• **Work required**: If pictures are present, leave them out, and copy the data word for word.
[Supplied data Boundary: Start]
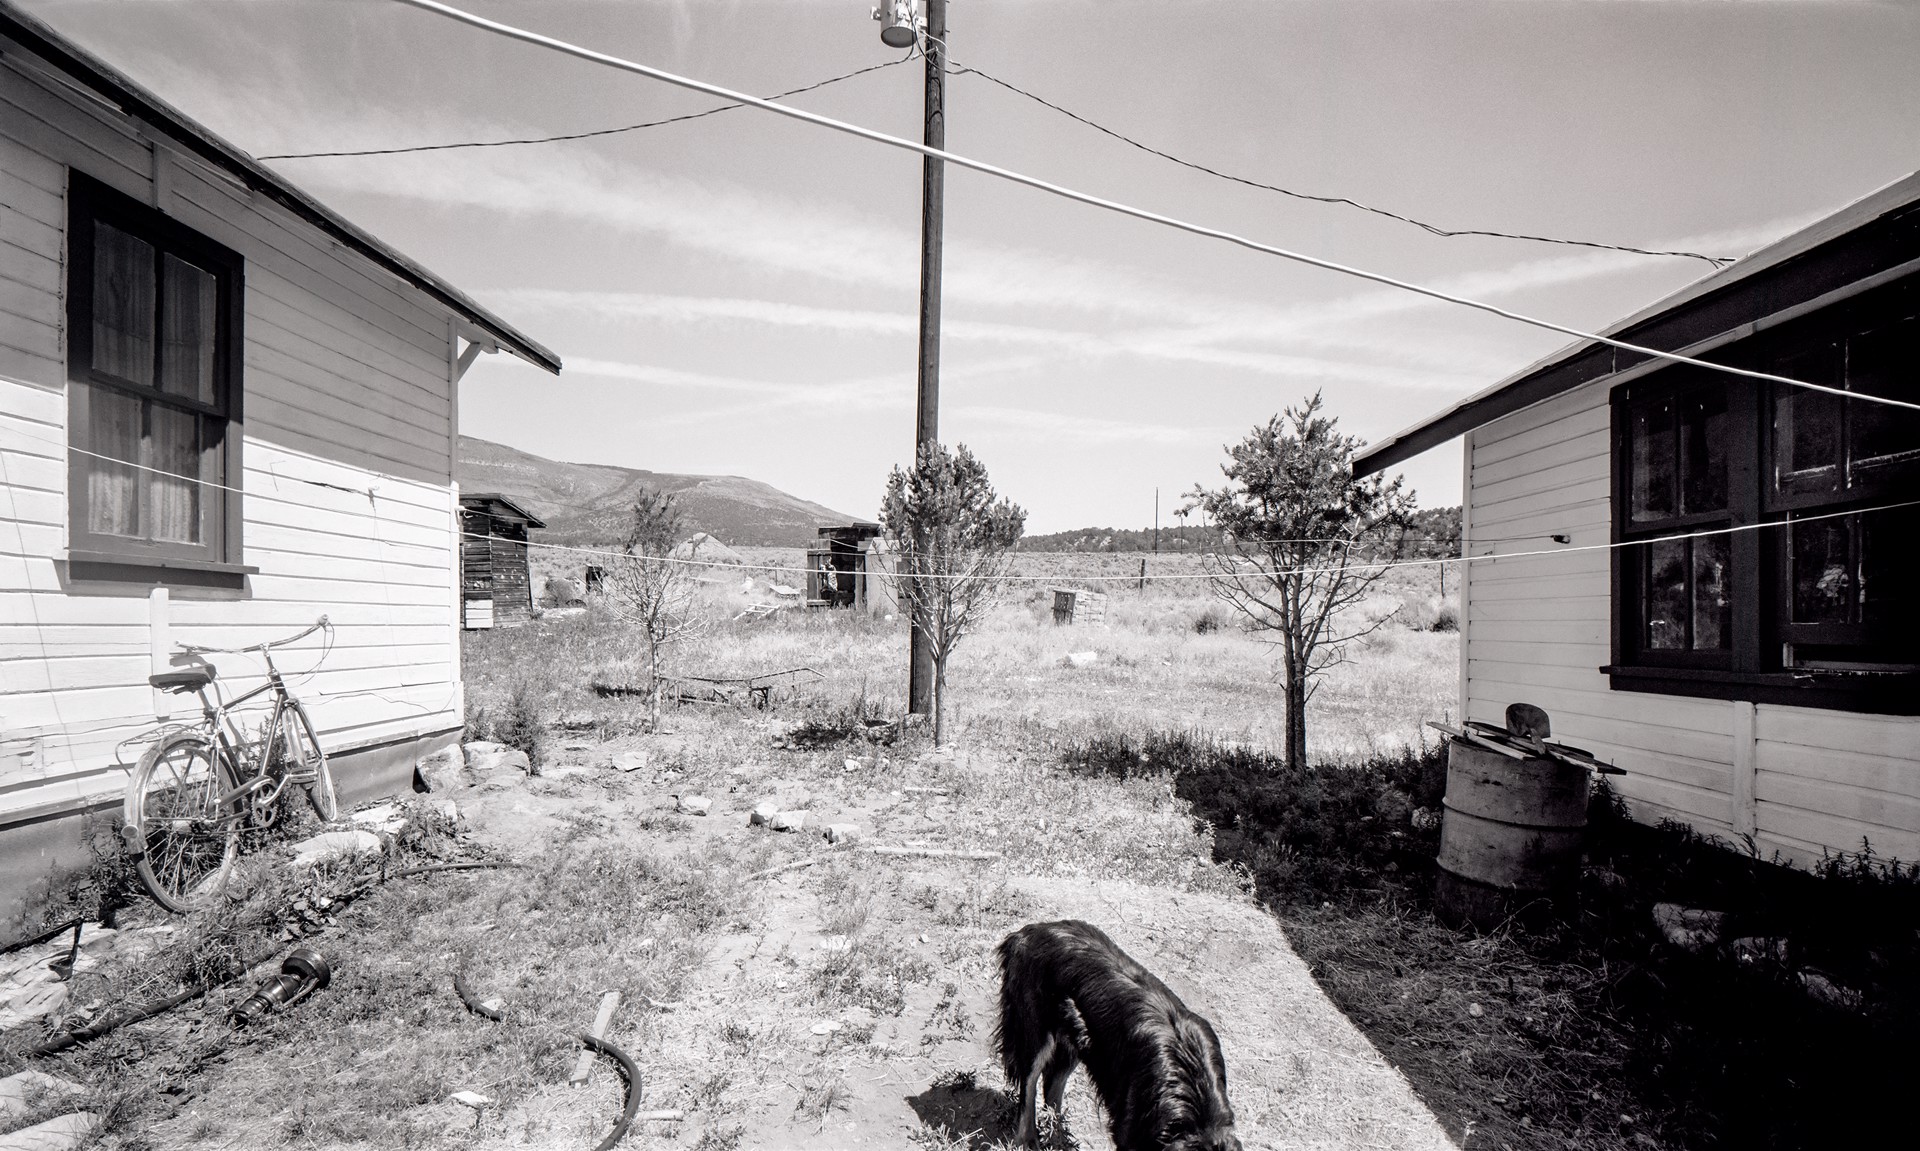 Kodak, Exploring His New Home, McCoy, Colorado by Lawrence McFarland
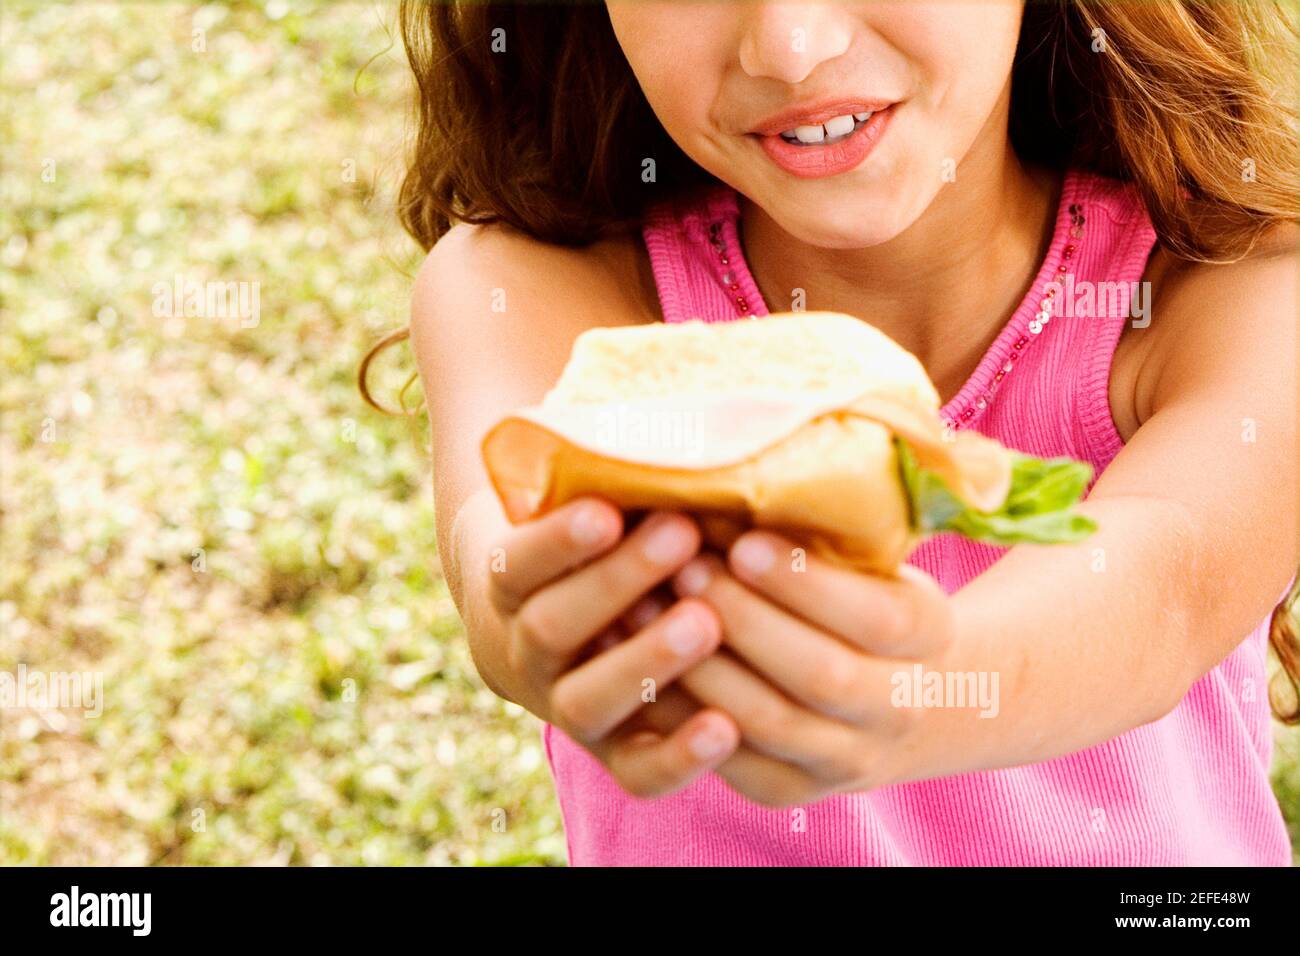 Close-up of a girl holding a hamburger Stock Photo
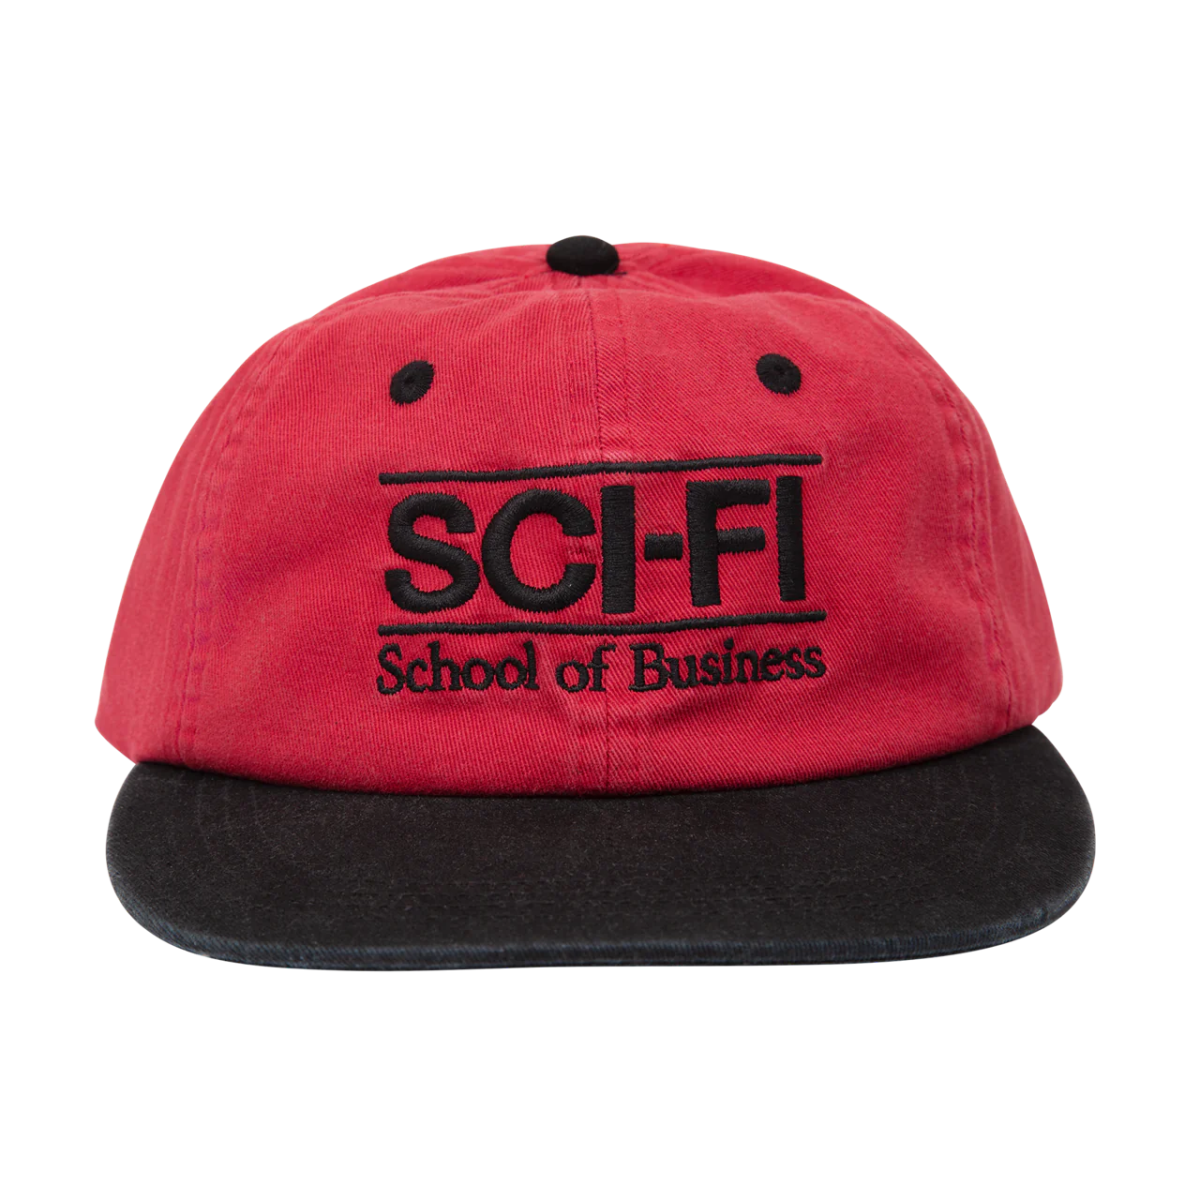 Sci-Fi Fantasy School of Business Hat in Red/Black - Goodnews Skateshop
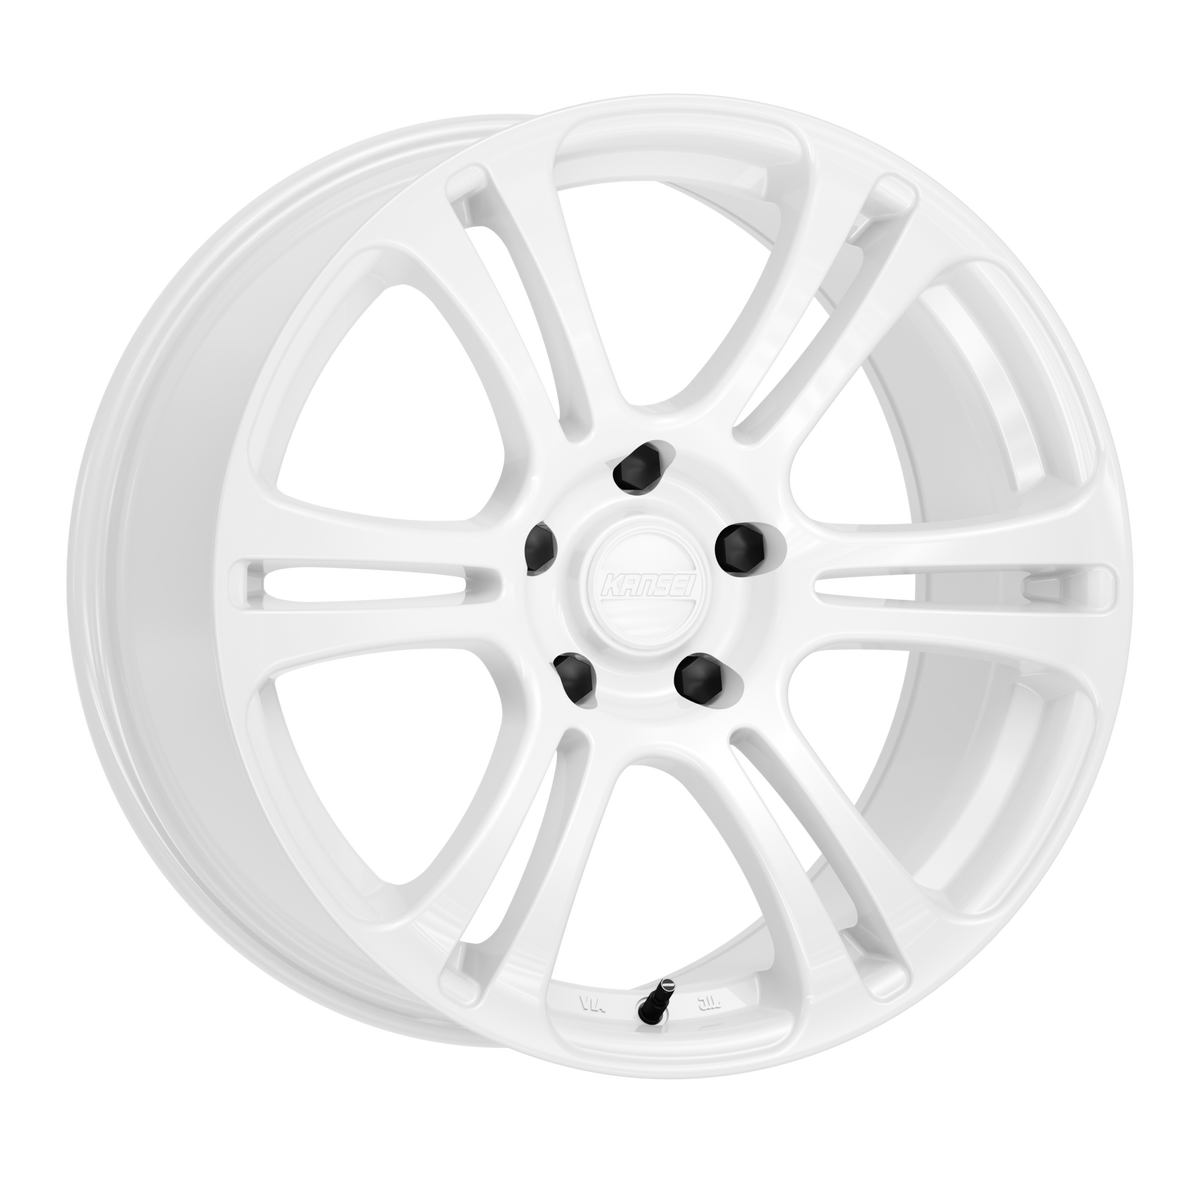 K16W NEO Wheel, Size: 18" x 10.50", Bolt Pattern: 5 x 114.300 mm, Backspace: 6.22" [Finish: Gloss White]
[Supplied data Boundary: End]
• **Answer**:
 Kodak, Exploring His New Home, McCoy, Colorado by Lawrence McFarland
 Close-up of a girl holding a hamburger Stock Photo
 Sci-Fi Fantasy School of Business Hat in Red/Black - Goodnews Skateshop
 K16W NEO Wheel, Size: 18" x 10.50", Bolt Pattern: 5 x 114.300 mm, Backspace: 6.22" [Finish: Gloss White]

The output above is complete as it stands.